Online Multi-Contact Receding Horizon Planning via Value Function Approximation

Jiayi Wang,Sanghyun Kim,Teguh Santoso Lembono,Wenqian Du,Jaehyun Shim,Saeid Samadi,Ke Wang,Vladimir Ivan,Sylvain Calinon,Sethu Vijayakumar,Steve Tonneau

Planning multi-contact motions in a receding horizon fashion requires a value function to guide the planning with respect to the future, e.g., building momentum to traverse large obstacles. Traditionally, the value function is approximated by computing trajectories in a prediction horizon (never executed) that foresees the future beyond the execution horizon. However, given the non-convex dynamics of multi-contact motions, this approach is computationally expensive.
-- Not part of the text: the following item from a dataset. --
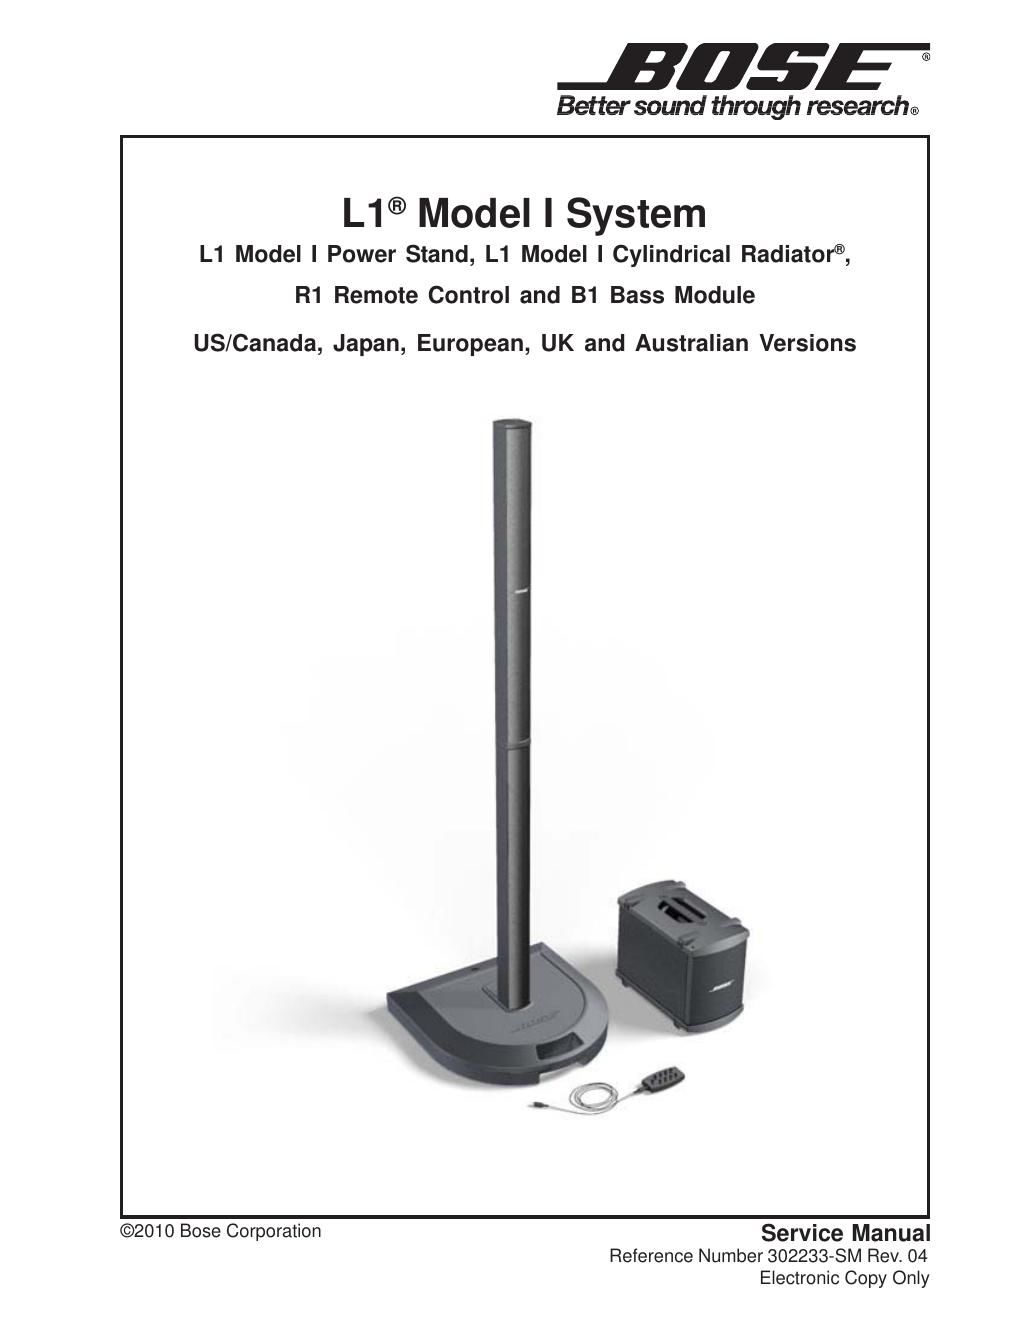 bose l1 bose model i system rev 04; us can euro uk and aus units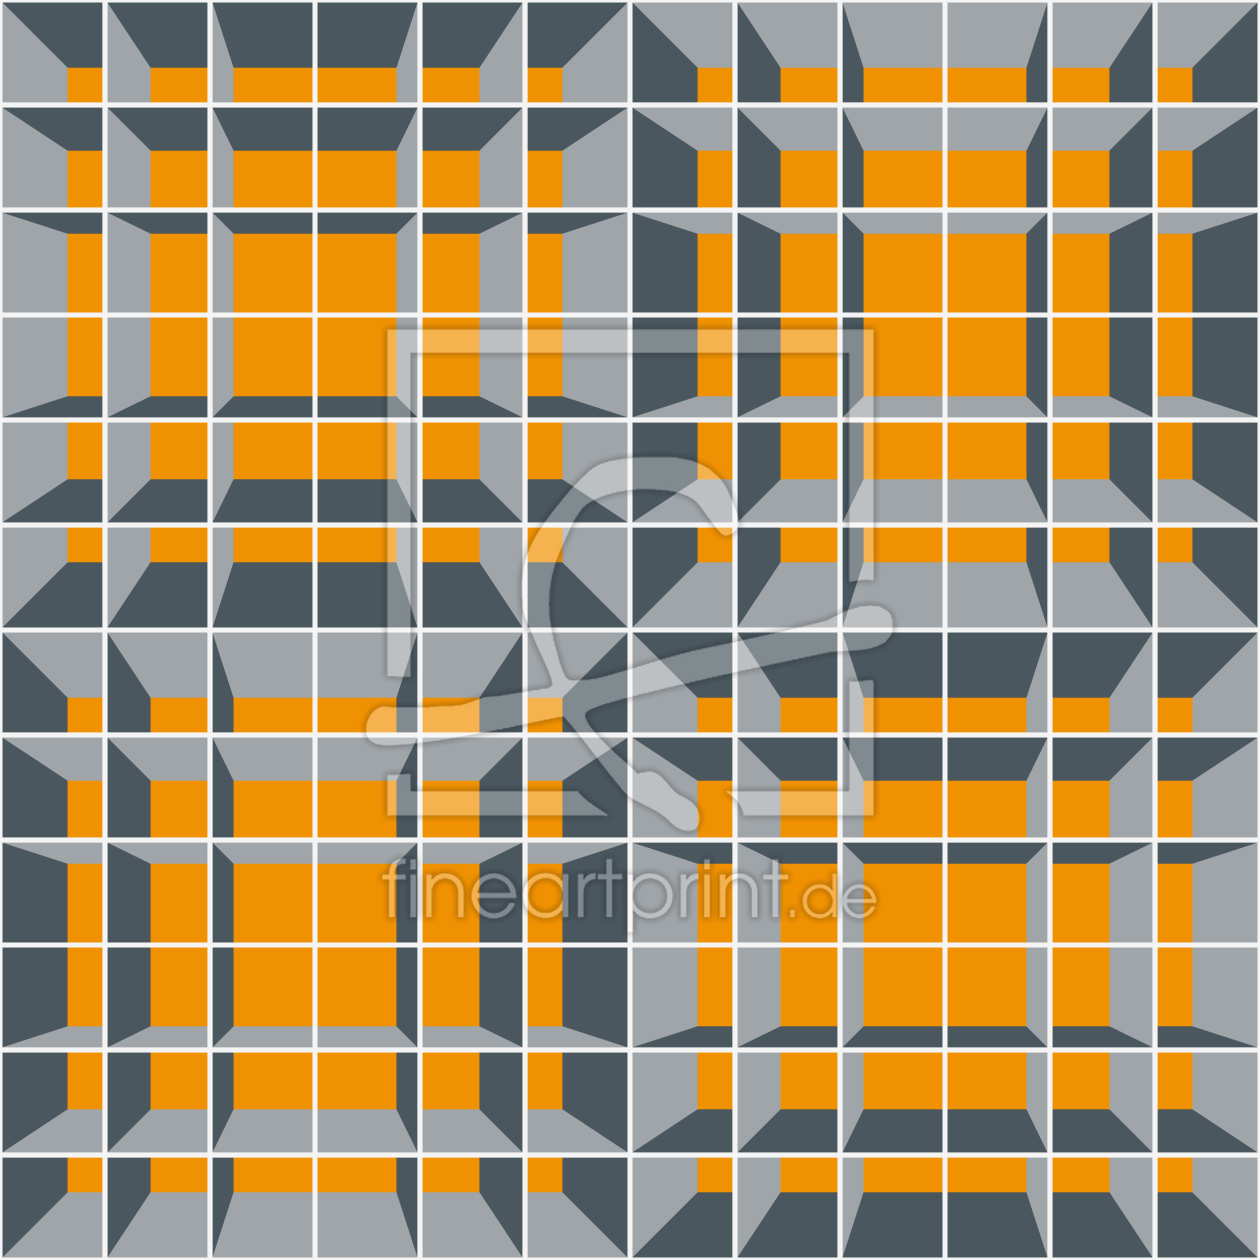 Bild-Nr.: 9009820 Tribut An MC Escher erstellt von patterndesigns-com

To enable online Receding Horizon Planning (RHP) of multi-contact motions, we find efficient approximations of the value function. Specifically, we propose a trajectory-based and a learning-based approach. In the former, namely RHP with Multiple Levels of Model Fidelity, we approximate the value function by computing the prediction horizon with a convex relaxed model. In the latter, namely Locally-Guided RHP, we learn an oracle to predict local objectives for locomotion tasks, and we use these local objectives to construct local value functions for guiding a short-horizon RHP. We evaluate both approaches in simulation by planning centroidal trajectories of a humanoid robot walking on moderate slopes, and on large slopes where the robot cannot maintain static balance. Our results show that locally-guided RHP achieves the best computation efficiency (95\%-98.6\% cycles converge online). This computation advantage enables us to demonstrate online receding horizon planning of our real-world humanoid robot Talos walking in dynamic environments that change on-the-fly.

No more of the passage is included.